How institutional investors are reconsidering their schemes and moving from pure retail to mixed use and diversified portfolios was the main theme in a digital panel debate on 8 July, in a session dedicated to the repositioning of major projects as part of the build-up to MAPIC 2021.
This online event also provided an exclusive opportunity to discover how some of the key investors are considering how to future-proof their mixed use investment property at MAPIC 2021, which takes place in Cannes, France from 30 November to 2 December this year.
Speakers included Fabrice Lefevre Sory, senior VP, alternative assets, Natixis Investment Managers; Carl Strufve, director, Nordics, Grosvenor; plus moderator Chris Igwe, CEO, Chris Igwe International.
The session focused on the changing nature of retail investment solutions and the push towards mixed use investment and redevelopment, although the panel warned that while diversification may mitigate asset class cycles, it also requires more intensive management and a greater knowledge across a variety of real estate categories.
Chris Igwe, CEO, Chris Igwe International, set the scene as moderator as he pointed out that the various players in the chain are running at different speeds: “On the one hand, if you look at the speed at which changing is happening, you have the banks at one end who are perhaps not moving, maybe they are observing, maybe they are concerned. And then at the other end you have the consumer, she is changing in a very fast manner. And then the retailer and the investor somewhere stuck in between that, let’s say movement, that is taking place,” he said.
Carl Strufve, director, Nordics, Grosvenor, added: “My initial sense is that we are living in a world that is rapidly changing as you just described and the future is not what it used to be. But it shows the importance of moving forward and adjusting and working in a different way and in a more innovative way than in the past.”
The role of mixed-use investment property
Fabrice Lefevre Sory, Senior VP, alternative assets, Natixis Investment Managers, was quick to point out that it is key for investors to understand why they are adopting a mixed-use strategy.
“The interest of mixed use is clearly to diversify your portfolio and to your points if there is a switch in between the different asset class, one is in a certain point in the cycle, the other one is in a let’s say, in a more challenging time period, the fact to be diversified and to have these mixed use projects gives you some indication that you will be able to overcome the difficult time period I would say,” he said.
However, Strufve said that investors and developers need to be aware of the hard work involved in operating a mixed use location effectively, pointing out that investors could no longer rely on long-term experience in just retail, for example, but require greater expertise across asset classes and a more collaborative approach.
“You have to actively work with your asset and make sure it is aligned with the market,” he said. “Working with mixed use, you need to know a lot about a lot of different classes and work closely with experts and municipalities.”
Retail investment solutions and logistics
Sory said that he believed the line is blurring between different asset classes and that many investors are in “wait and see mode” but described the situation for retail and mixed use as a “very exciting time period”.
Pointing to the fact that logistics and industrial have become a mainstream market, he said that despite the increase in pricing for logistics assets, such facilities are still in the scope of any institutional investors.
“From an investor perspective mixed use offers different benefits. Diversification, in the current climate, this could reduce the investment risk,” he said. “In mixed use we can foresee more of an embedded logistics offer, with logistics, with pick-up and delivery and offices related or not to the occupier. And on top of that if you have 100,000 sq m say then – if there are employees still based in the business – they will need F&B. But I am not so sure we will see cities based around a logistics centre.”
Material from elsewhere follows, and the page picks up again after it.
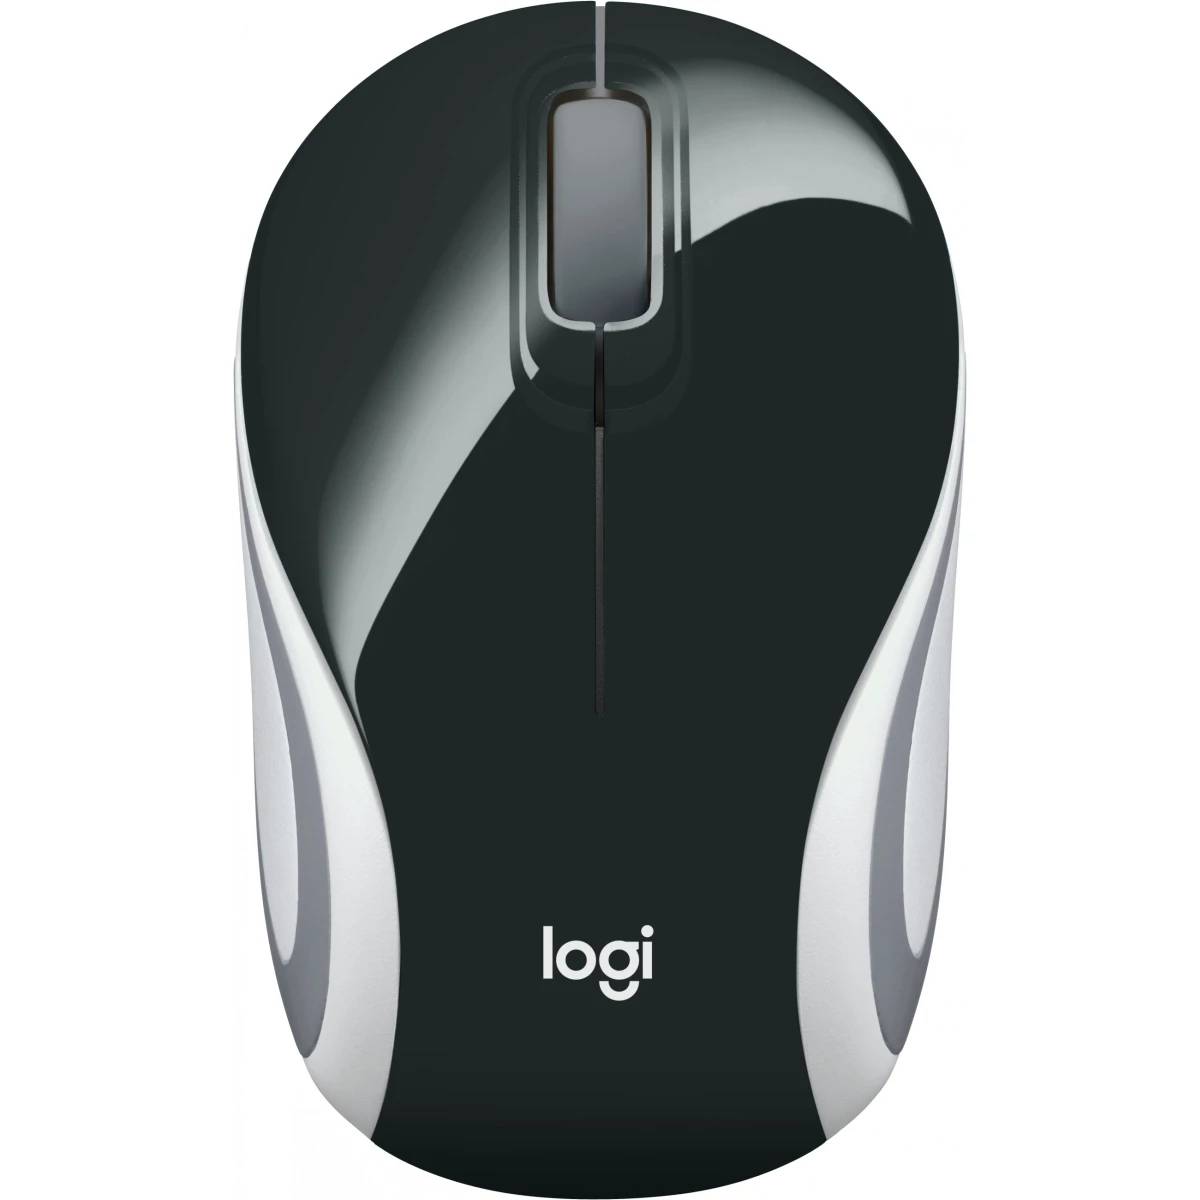 Logitech Wireless Mini Mouse M187 schwarz

Looking away from the logistics sector, he said: “For opportunistic investors, there’s hospitality. We haven’t seen the current prices for a long time. I would definitely have an eye open on hospitality at the moment, as we see investors in Europe and Asia become more interested, largely on an opportunistic basis.”
Residential and F&B opportunities
Strufve noted that in Scandinavia, as in many parts of Europe, the residential sector is performing very well and has been doing so for quite some time. He said that this has accelerated during COVID.
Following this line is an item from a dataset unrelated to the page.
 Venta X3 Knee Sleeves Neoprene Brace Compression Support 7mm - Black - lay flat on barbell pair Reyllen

“There is a strong interest in logistics, globally and across Europe. What we do see in almost all of Northern Europe is a very strong interest of commercial services buildings – schools, police stations, prisons. Buildings with long leases,” he said. “We see F&B as a key part of the offer and a larger part of the spend of the consumer. The reason for caution is that it comes with challenges because you need to market it well and you have to have the right offer. And you have to have the right volume, so you have to work with the scene and ambience and total offering.”
From pure retail to mixed use: How investors are diversifying their portfolio is available on-demand and is part of MAPIC’s overall theme for 2021, People and Places: A New Chapter, which will bring together MAPIC, LeisurUp and The Happetite. It is part of a series of digital events, which will provide valuable insight on a range of topics and trends.
MAPIC, LeisurUp and The Happetite will be held together at the Palais des Festivals, Cannes, France from 30 November to 2 December.